§ TASK GOAL: Repeat the listing below exactly. Pictures do not belong in the copy.

§ RECORDED INFORMATION:
-----
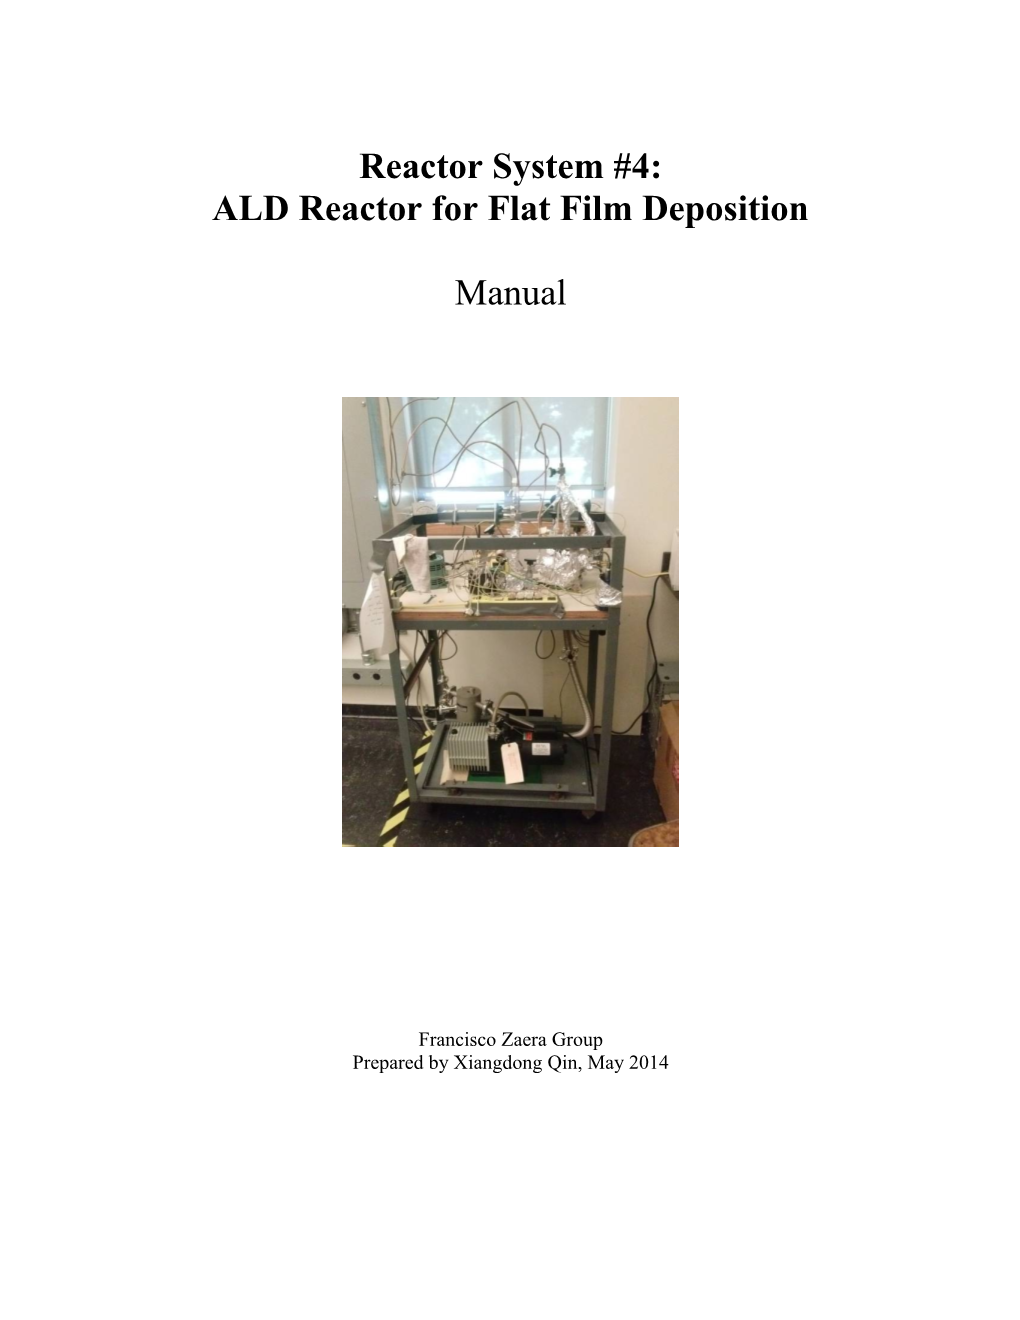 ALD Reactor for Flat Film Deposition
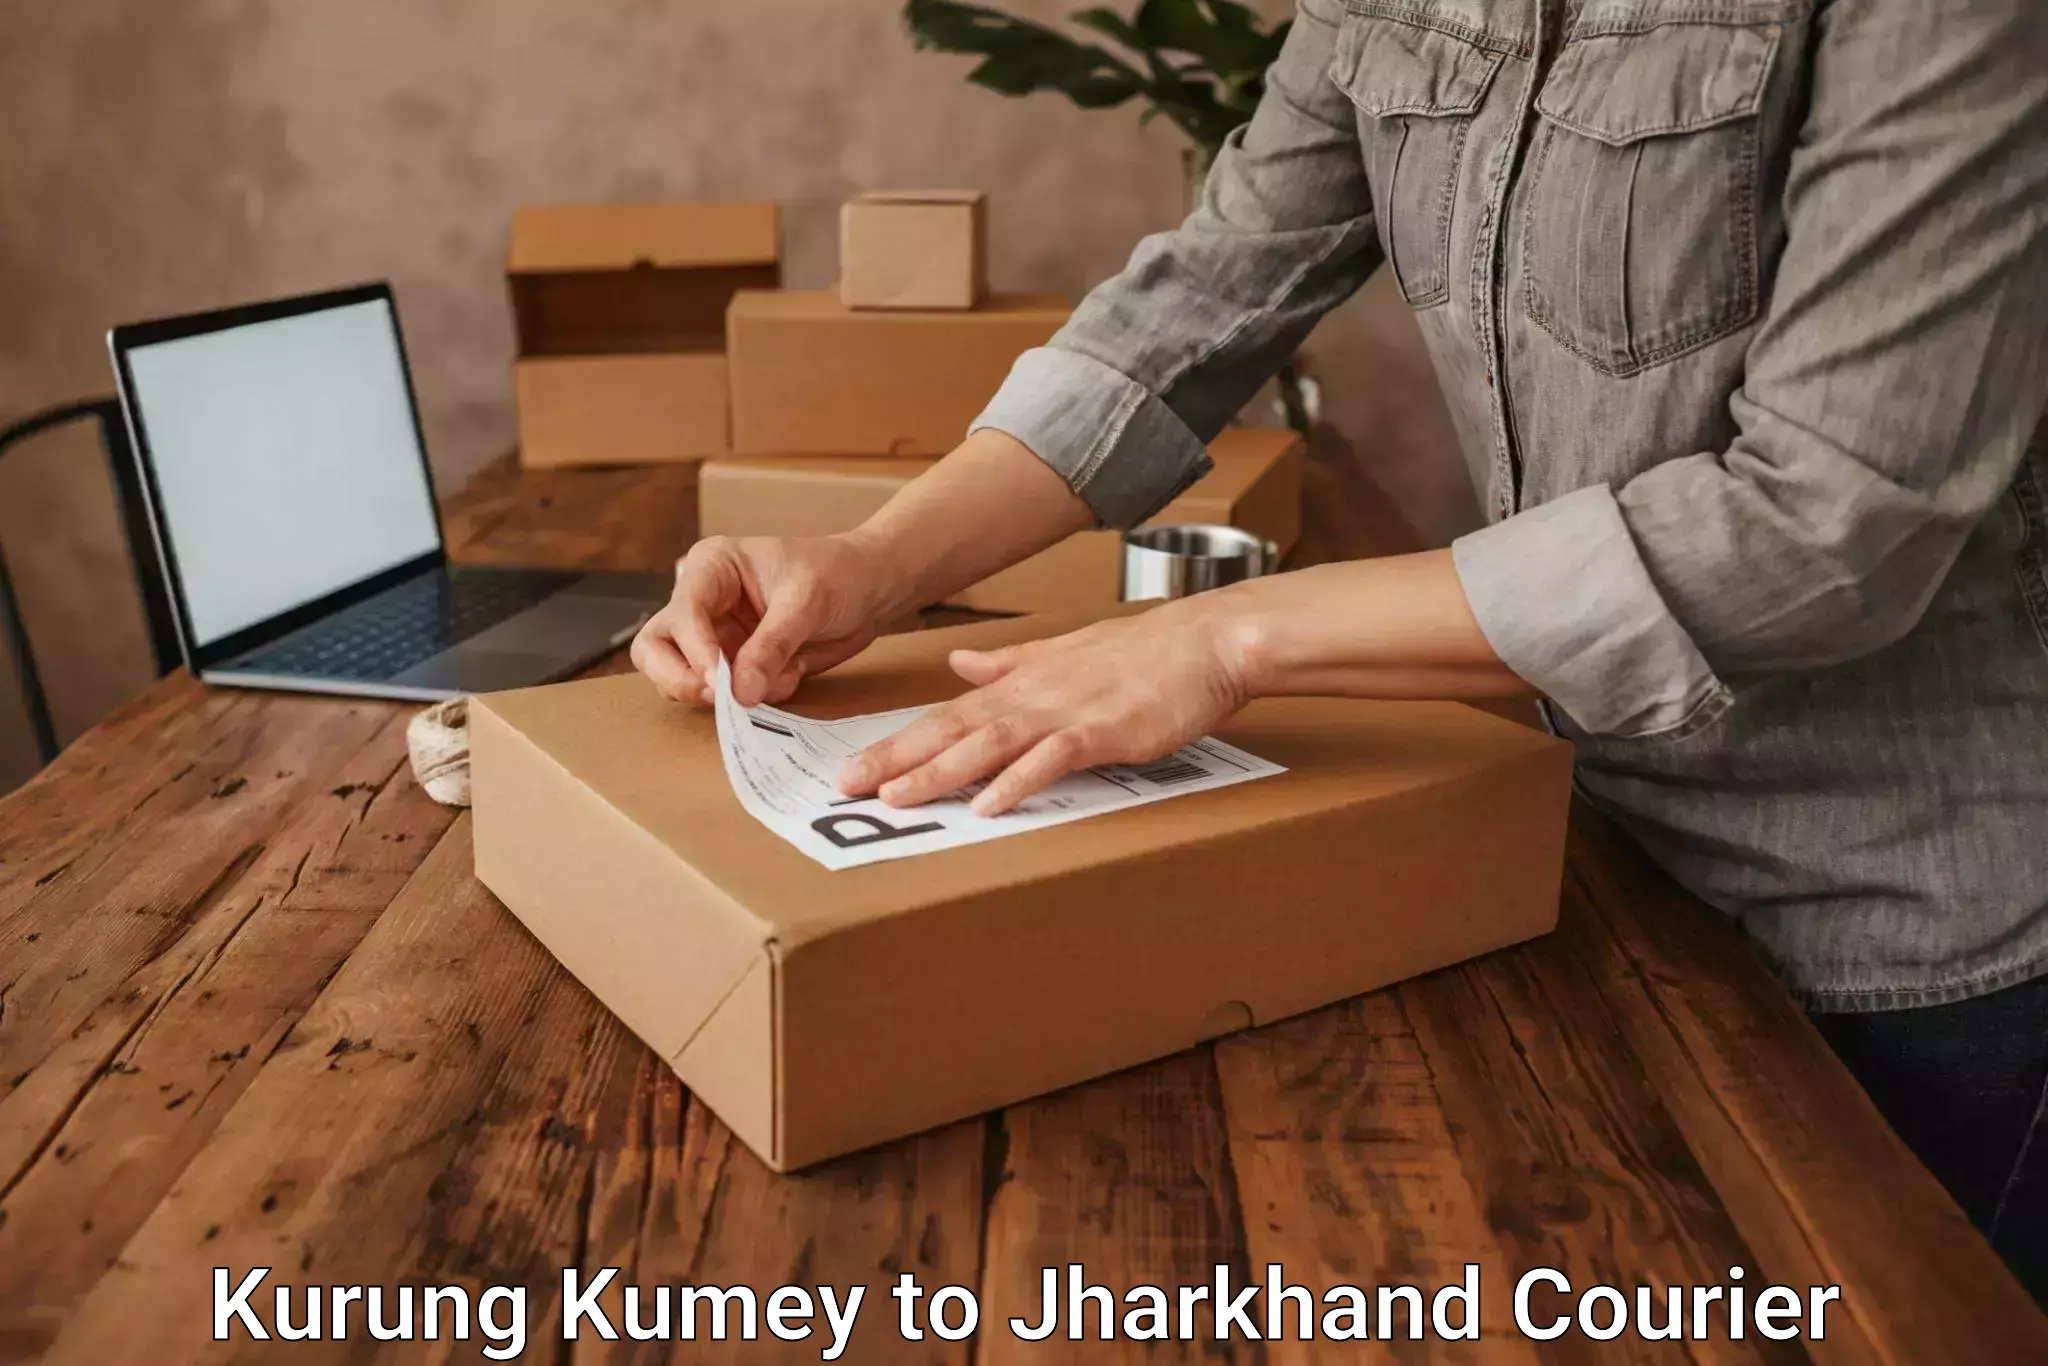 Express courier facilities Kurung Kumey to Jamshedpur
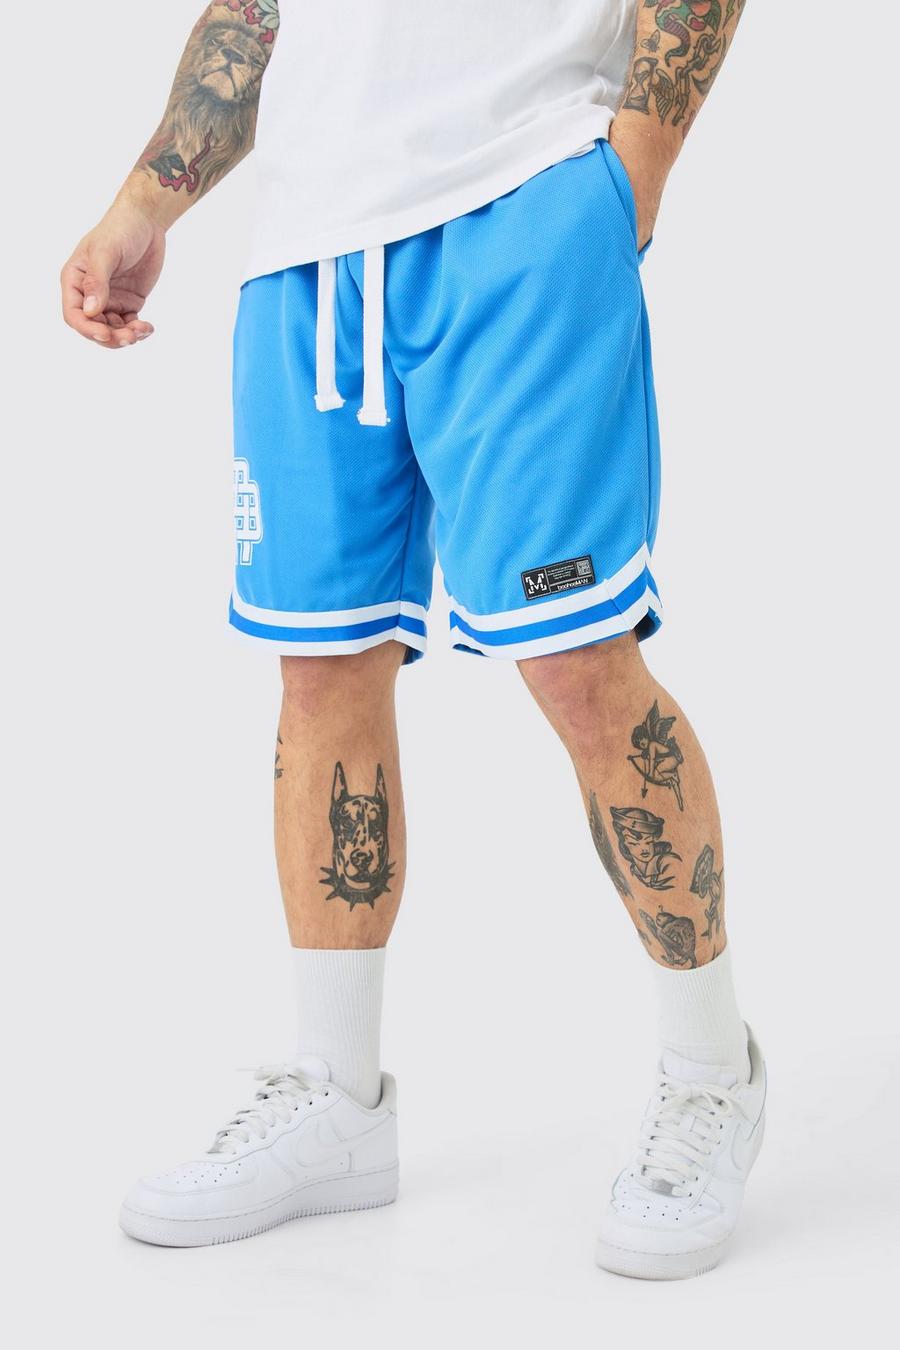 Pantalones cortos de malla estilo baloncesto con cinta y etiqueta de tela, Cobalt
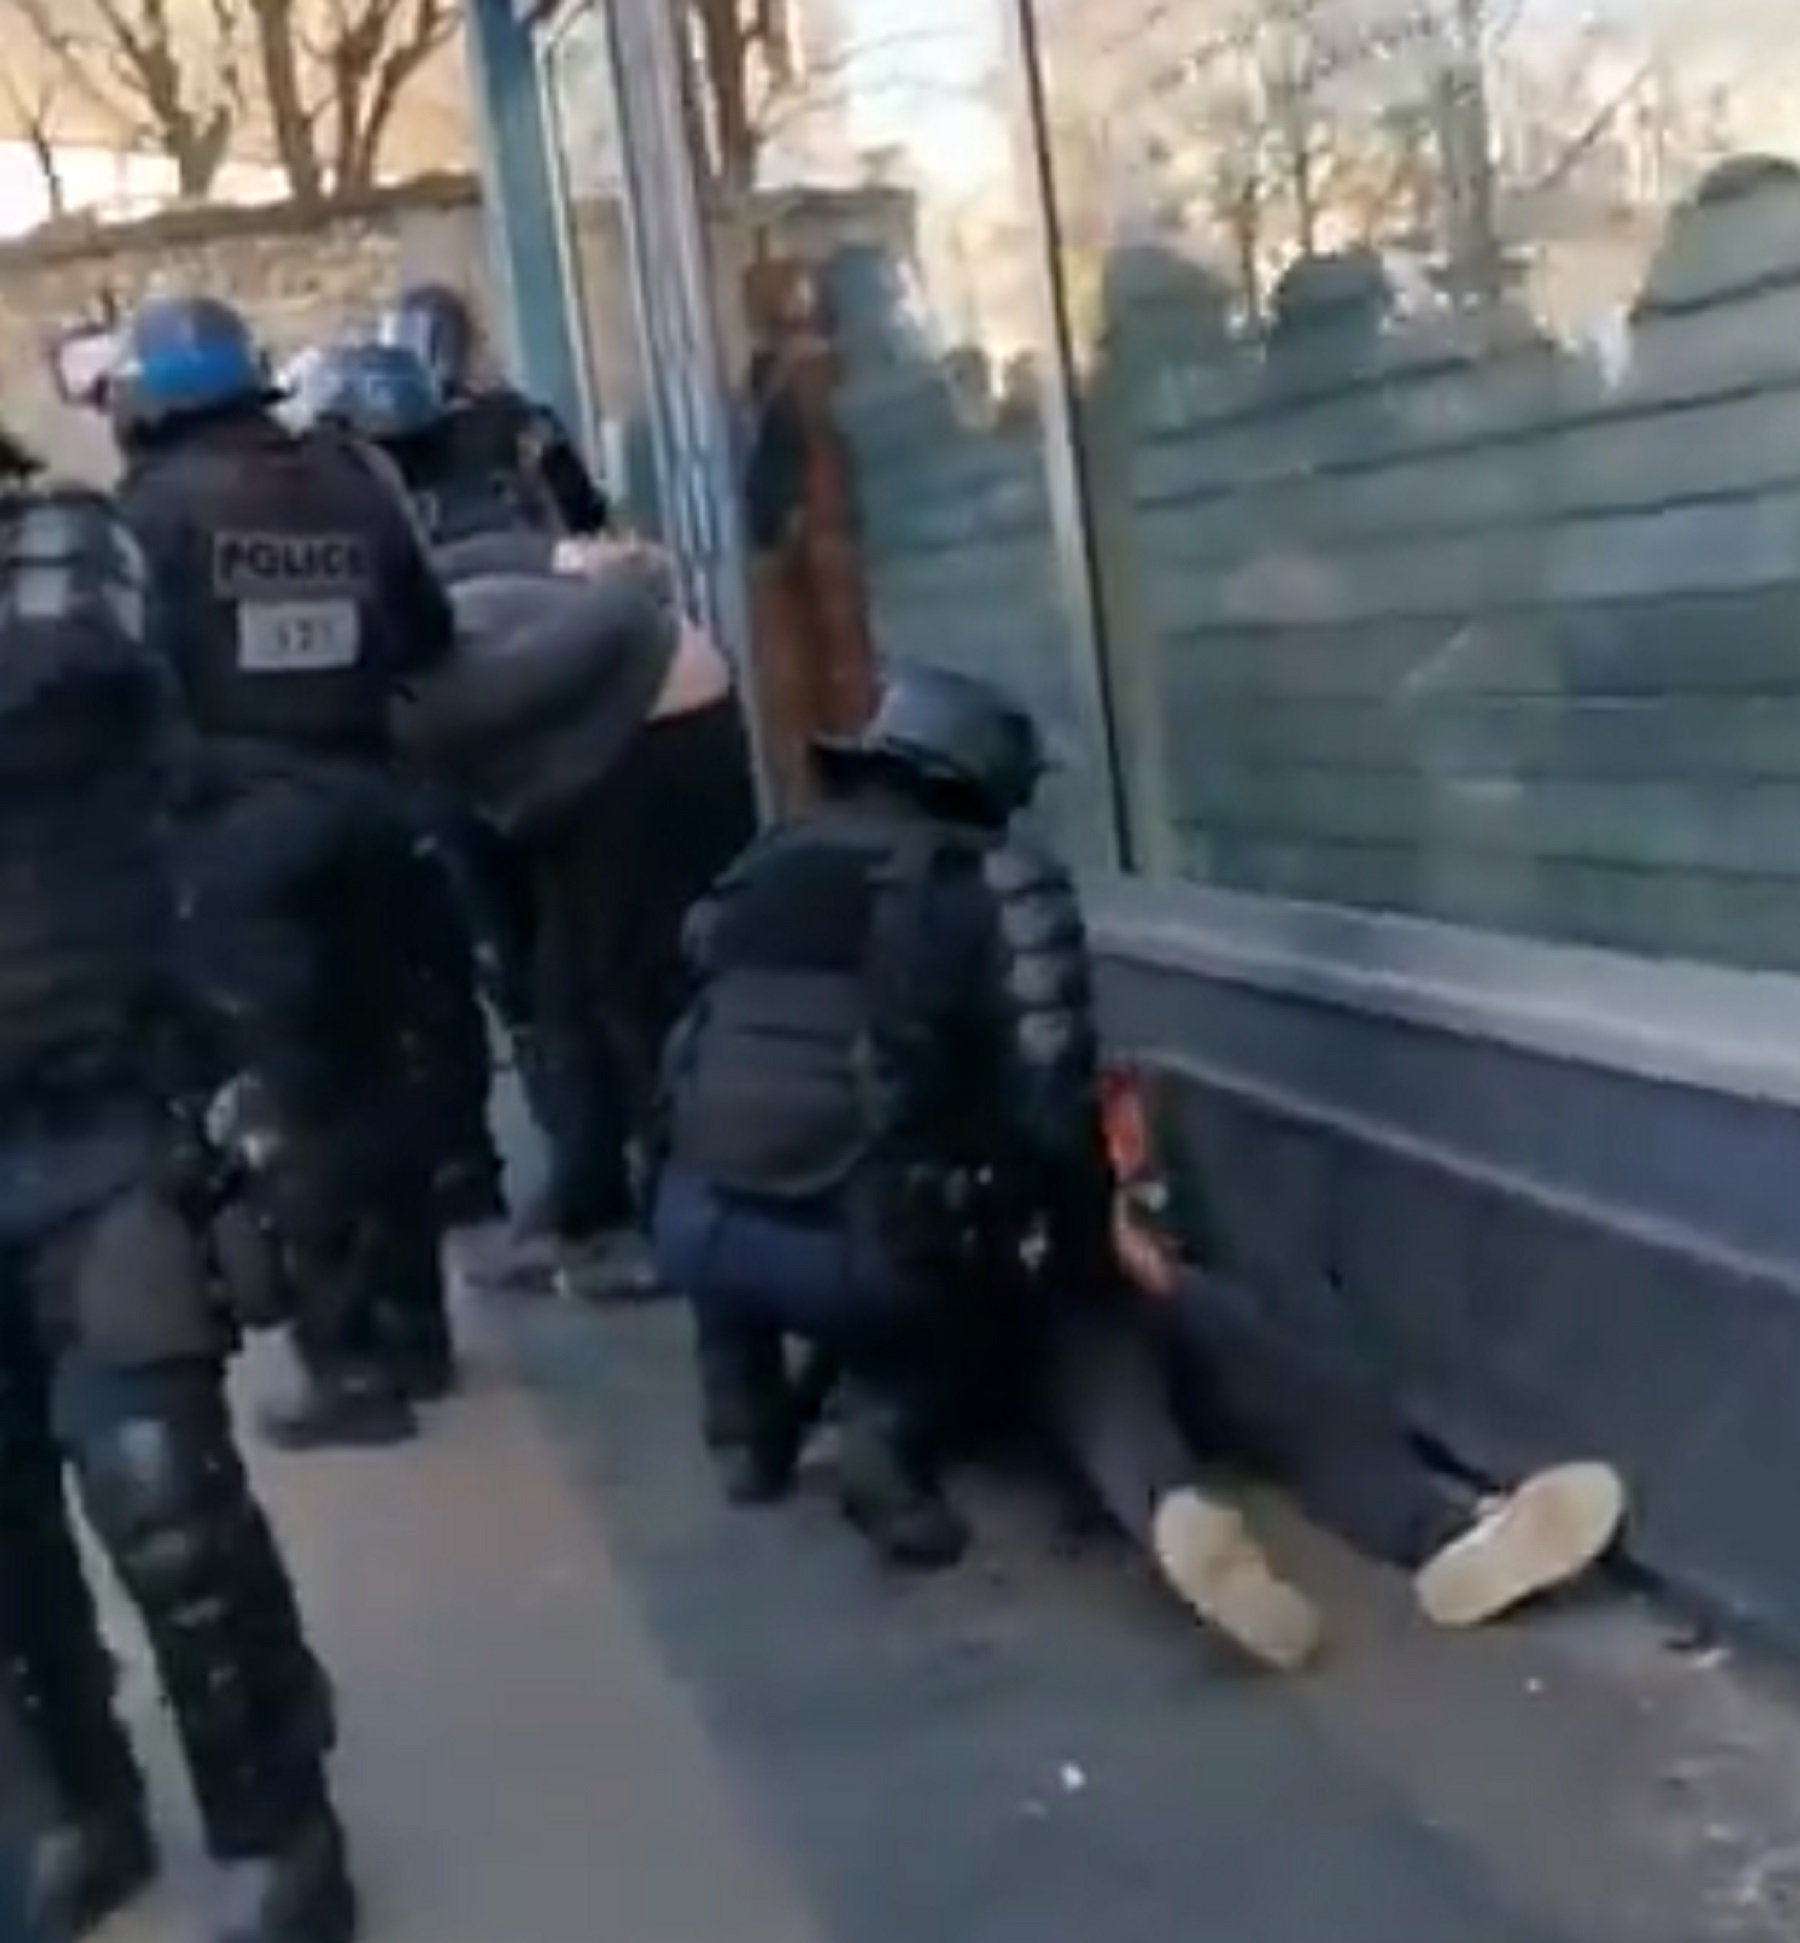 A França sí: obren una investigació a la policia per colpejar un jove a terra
-----
§ REPLY TO THE EXERCISE:
 ALD Reactor for Flat Film Deposition
 Express courier facilities Kurung Kumey to Jamshedpur
 Pantalones cortos de malla estilo baloncesto con cinta y etiqueta de tela, Cobalt
 A França sí: obren una investigació a la policia per colpejar un jove a terra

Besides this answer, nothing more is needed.